— What you are asked to do —
Within the listing that follows, reproduce exactly the lines starting at the line with "Brooklyn Scuola pubica" and ending at the line with "Qty 30 - Steel", inclusive, and only those. Pictures are dropped.

— Information given —

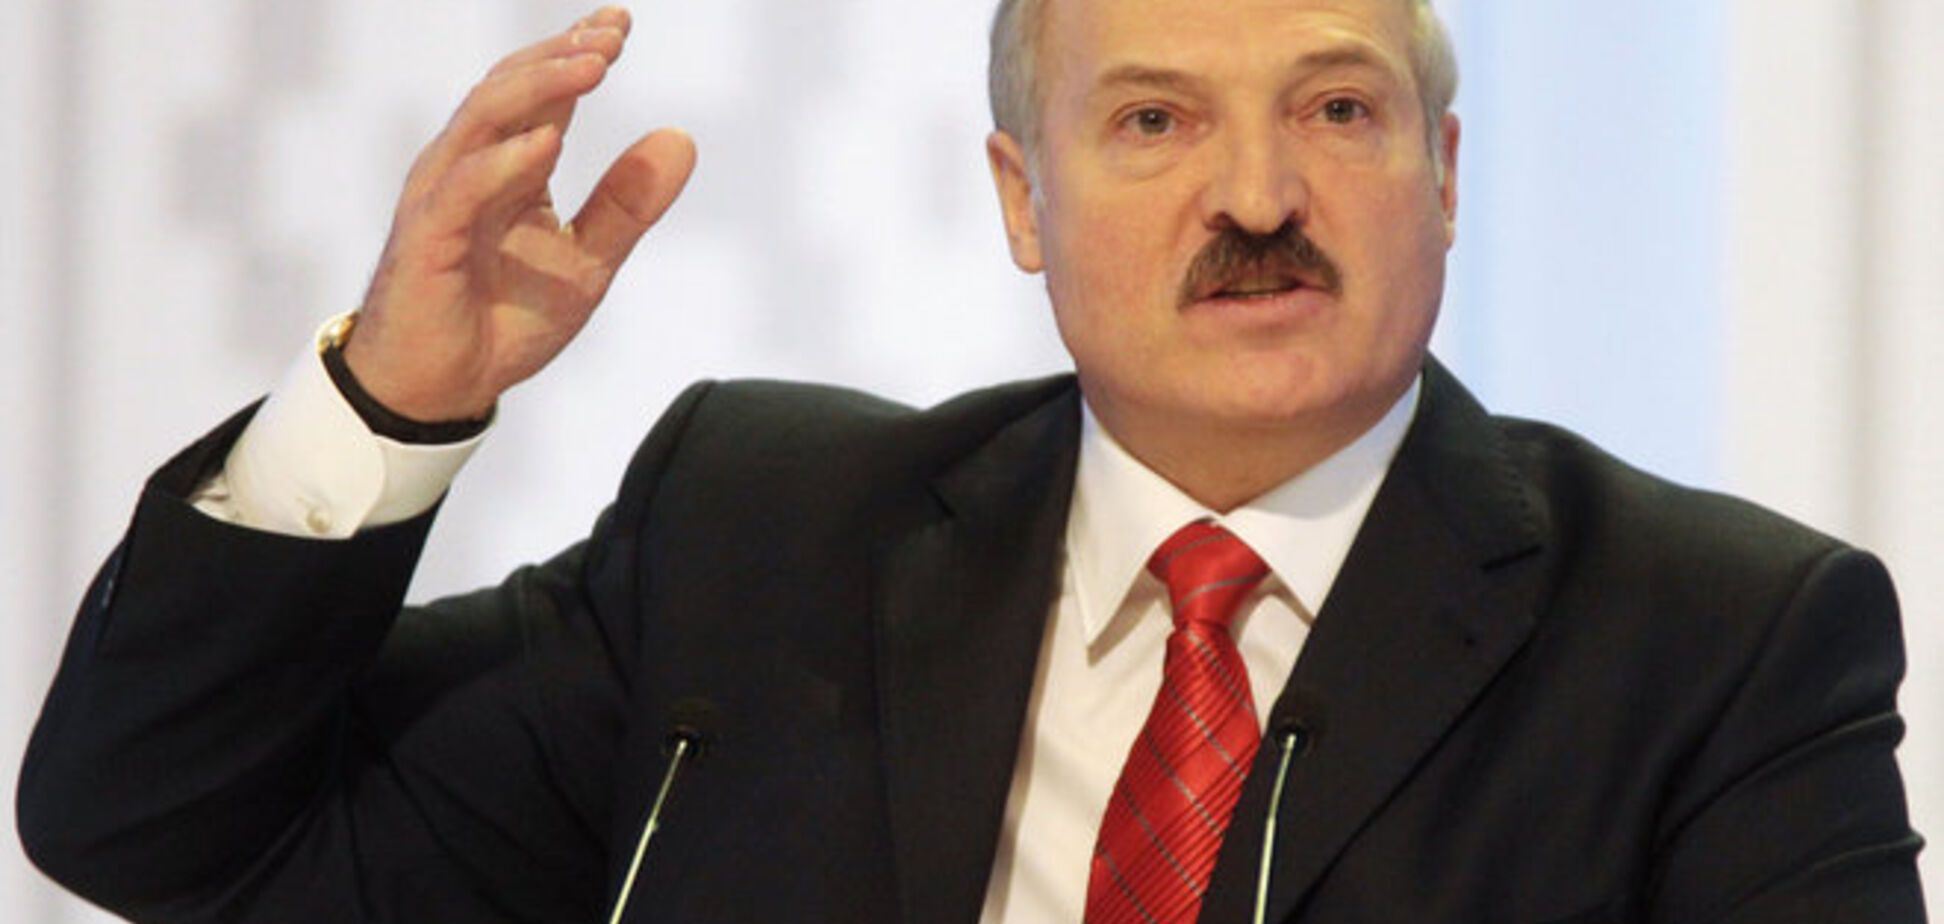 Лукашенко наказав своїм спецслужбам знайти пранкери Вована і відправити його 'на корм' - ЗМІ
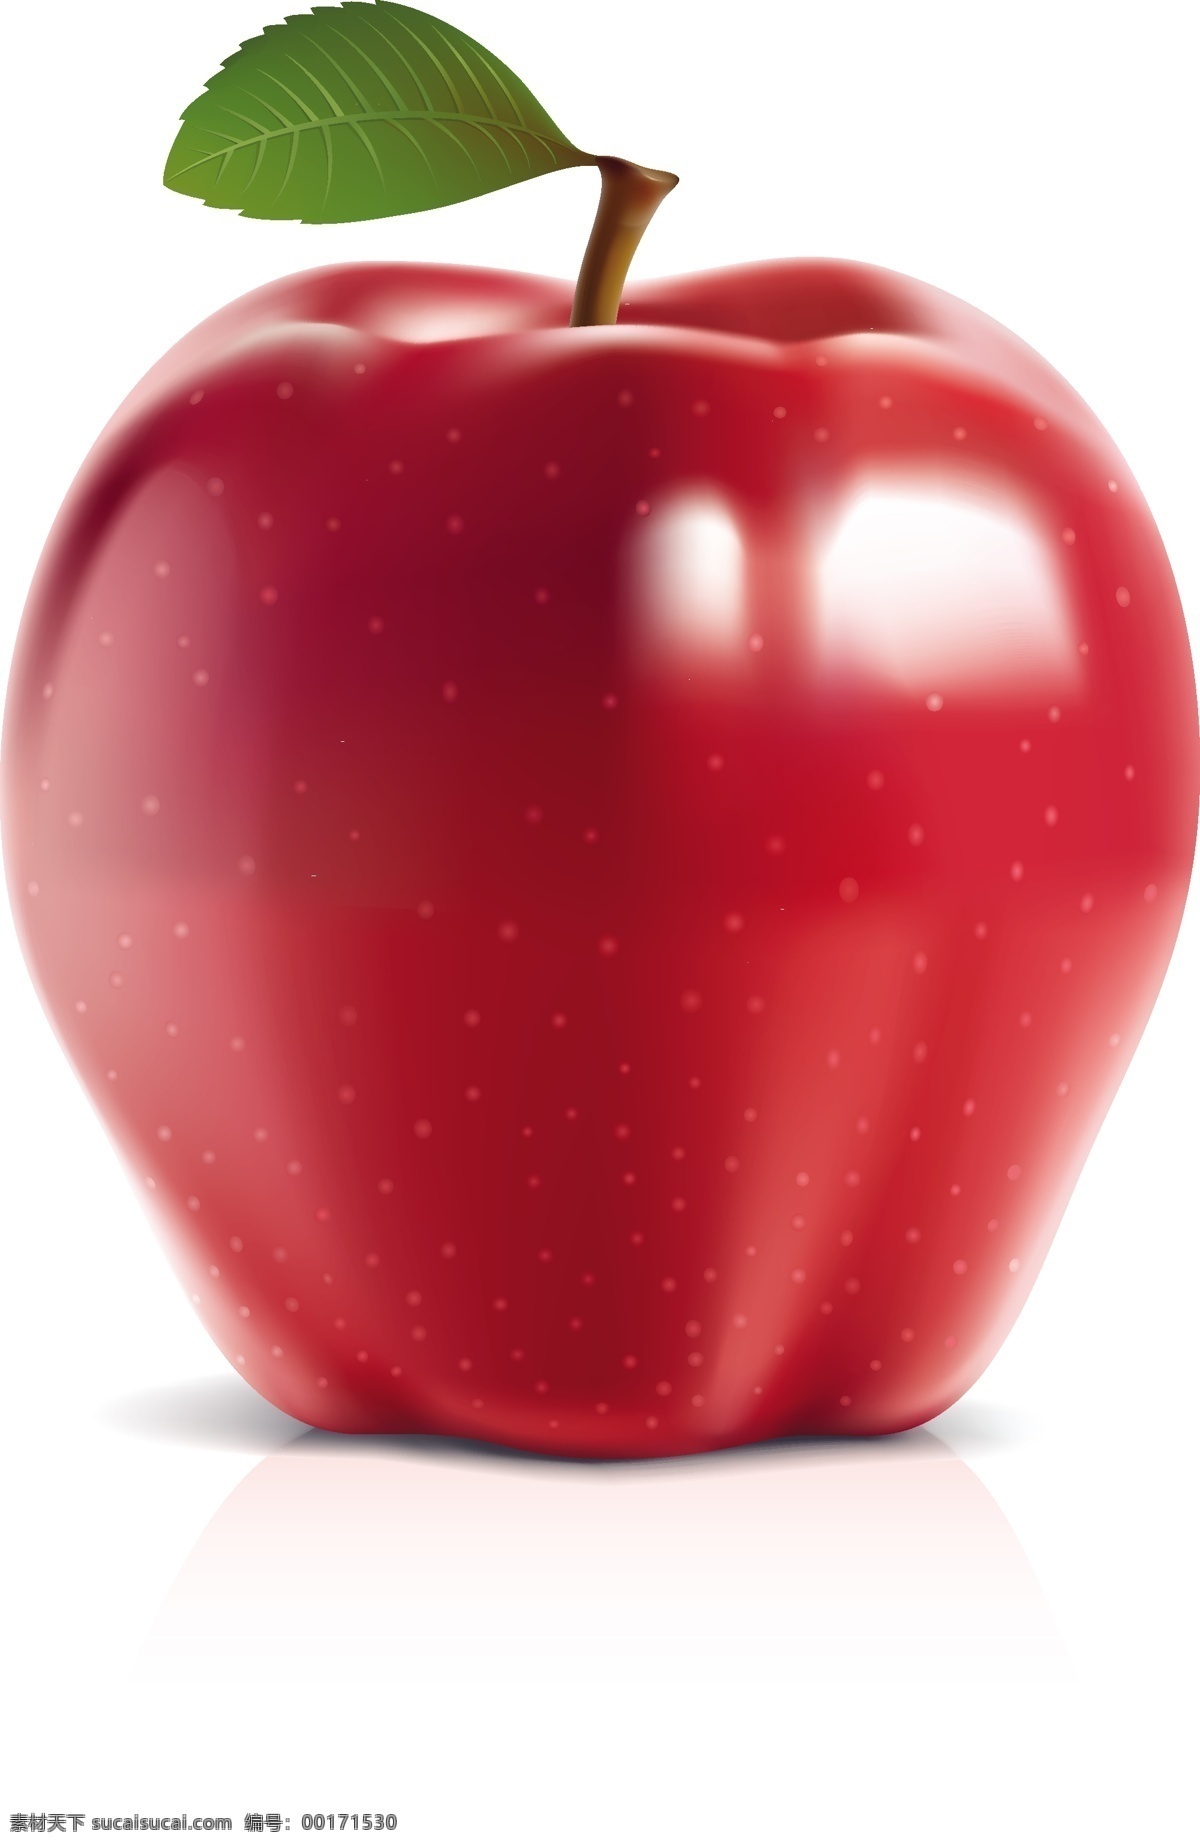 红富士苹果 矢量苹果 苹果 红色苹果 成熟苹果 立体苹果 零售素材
* * *
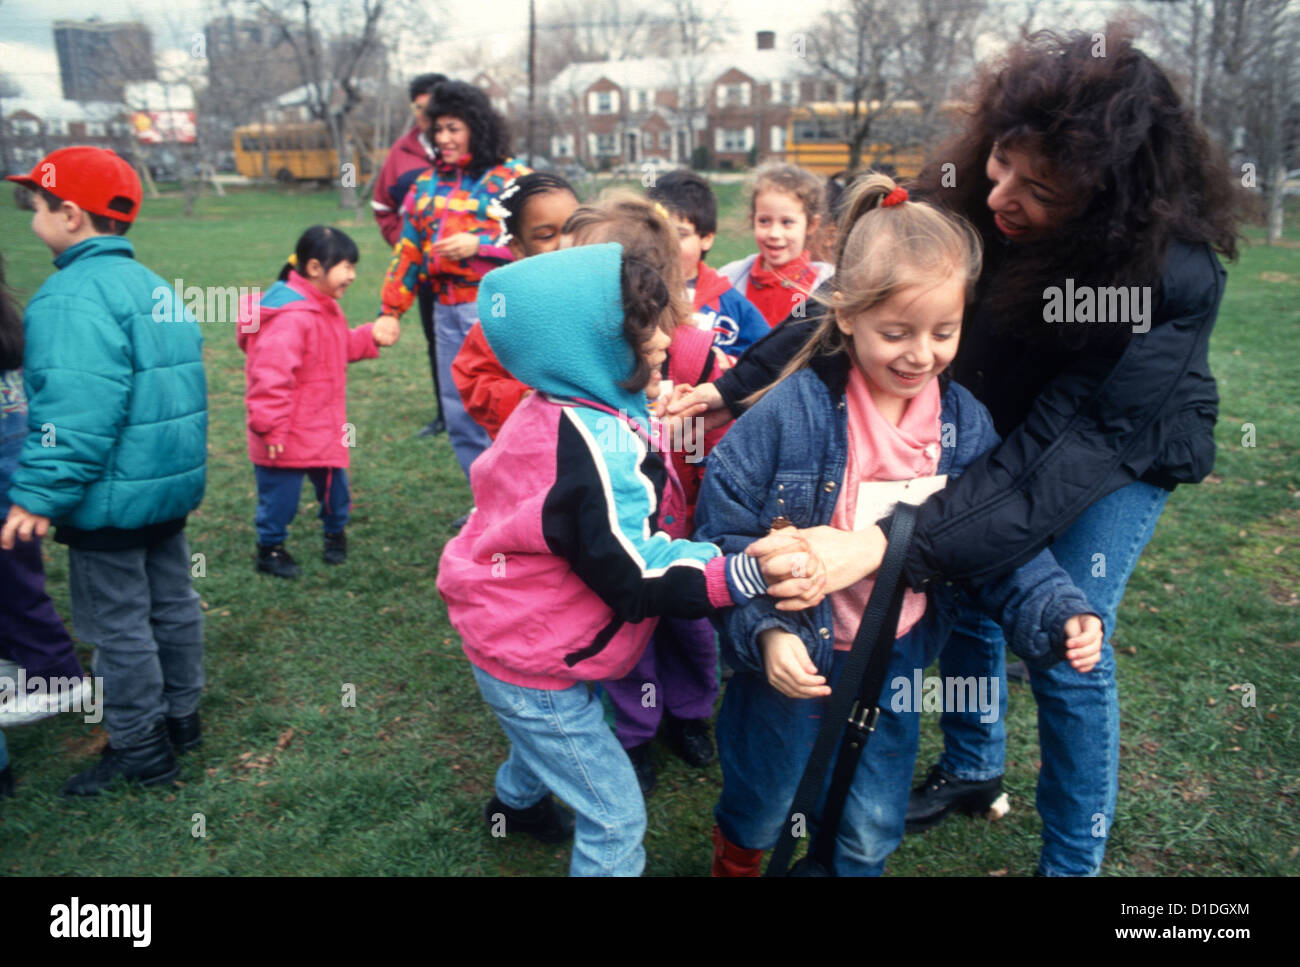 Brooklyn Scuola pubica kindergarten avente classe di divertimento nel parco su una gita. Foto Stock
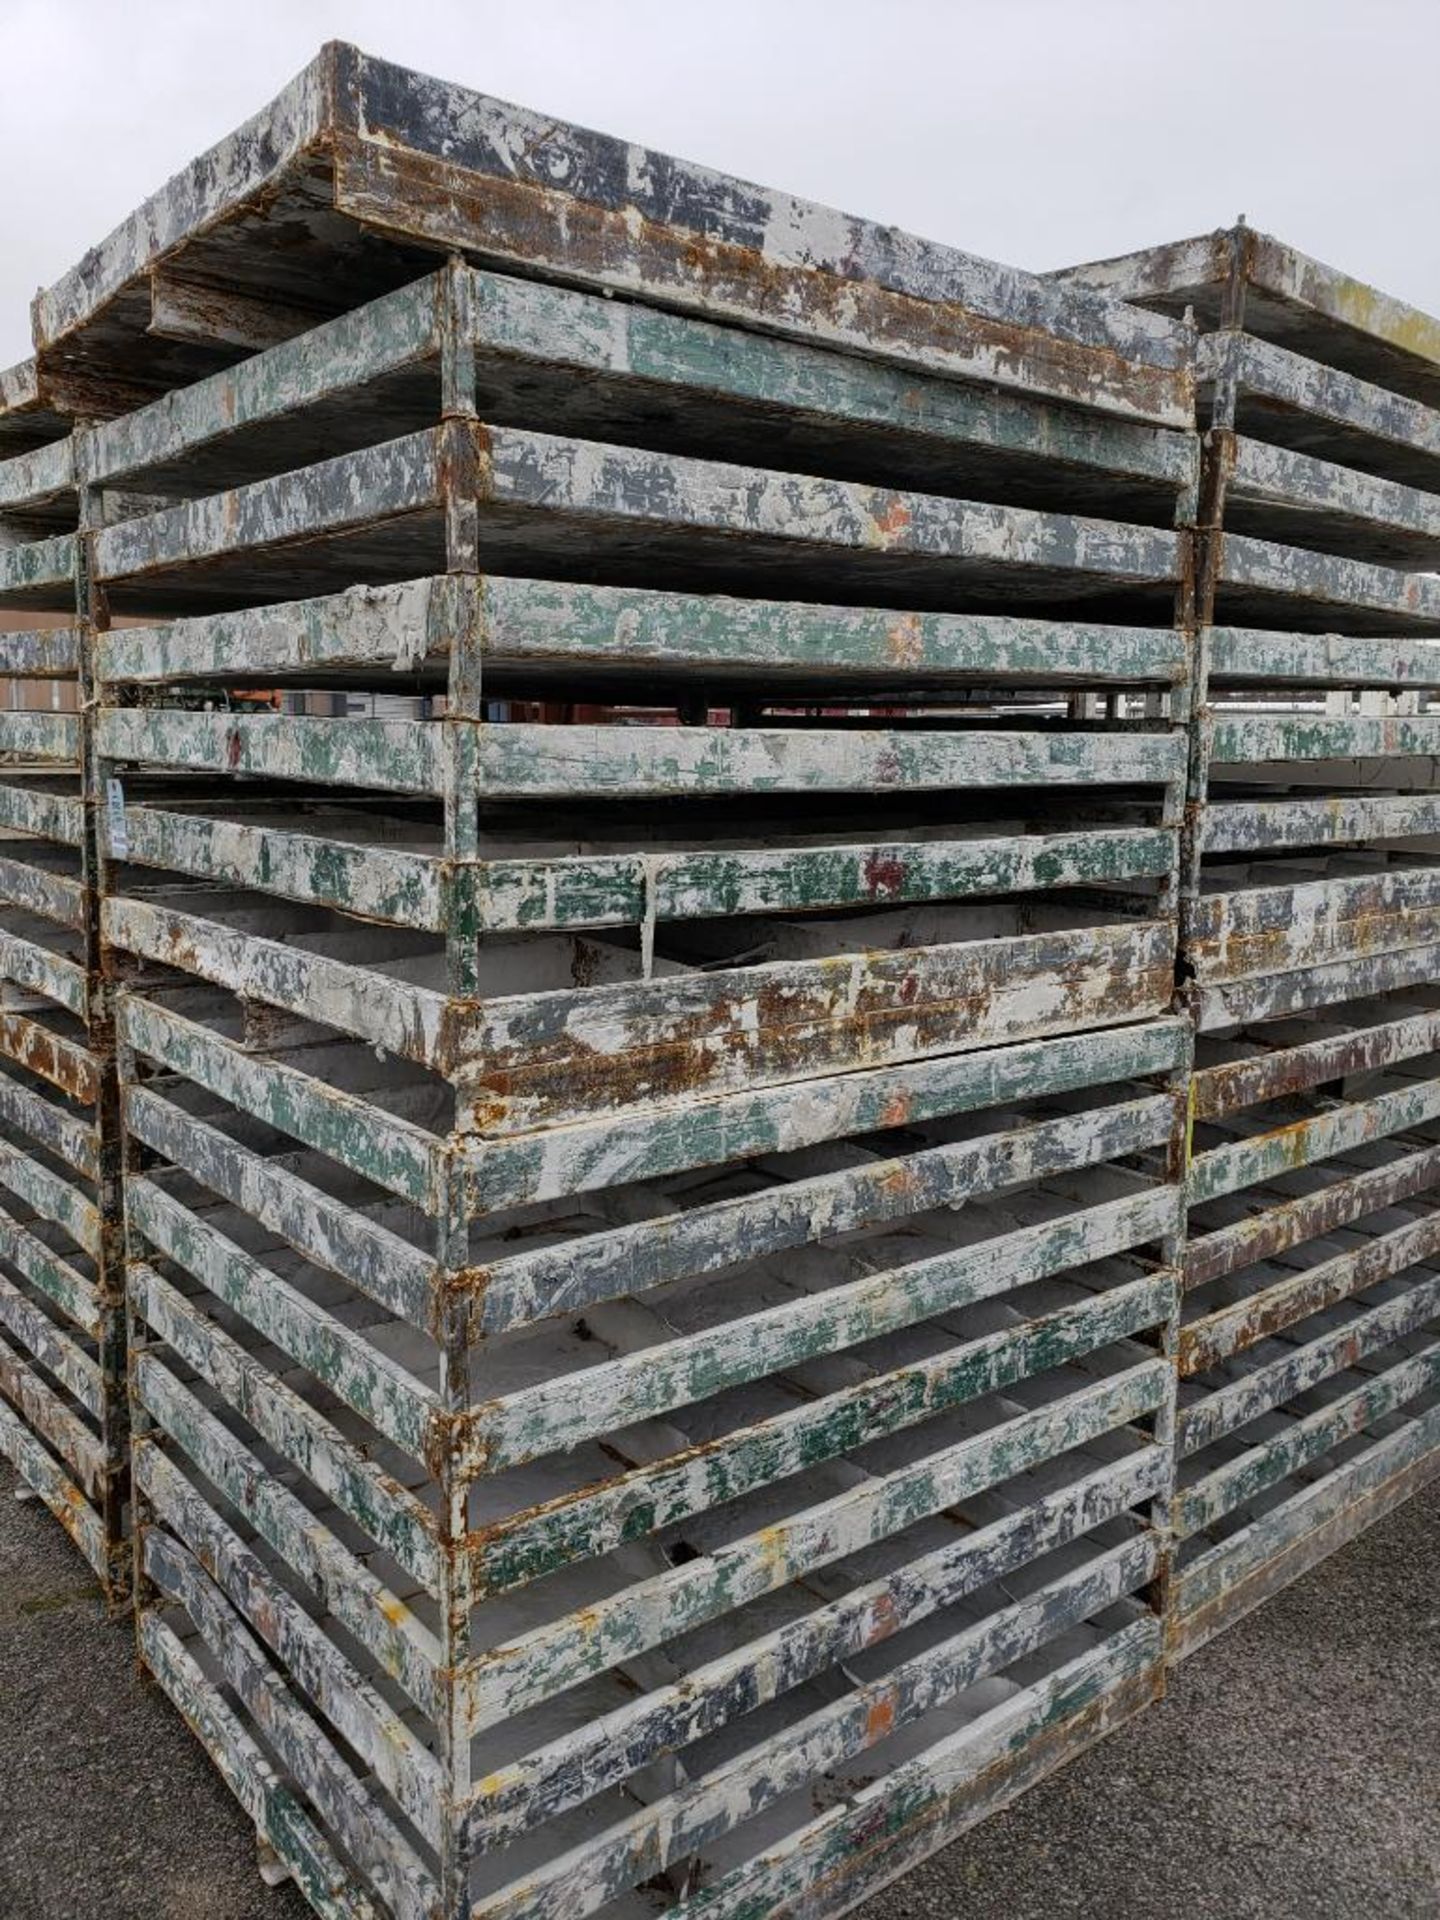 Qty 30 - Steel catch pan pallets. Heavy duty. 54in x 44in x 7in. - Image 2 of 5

— Solution for this task —
 Brooklyn Scuola pubica kindergarten avente classe di divertimento nel parco su una gita. Foto Stock
 Qty 30 - Steel catch pan pallets. Heavy duty. 54in x 44in x 7in. - Image 2 of 5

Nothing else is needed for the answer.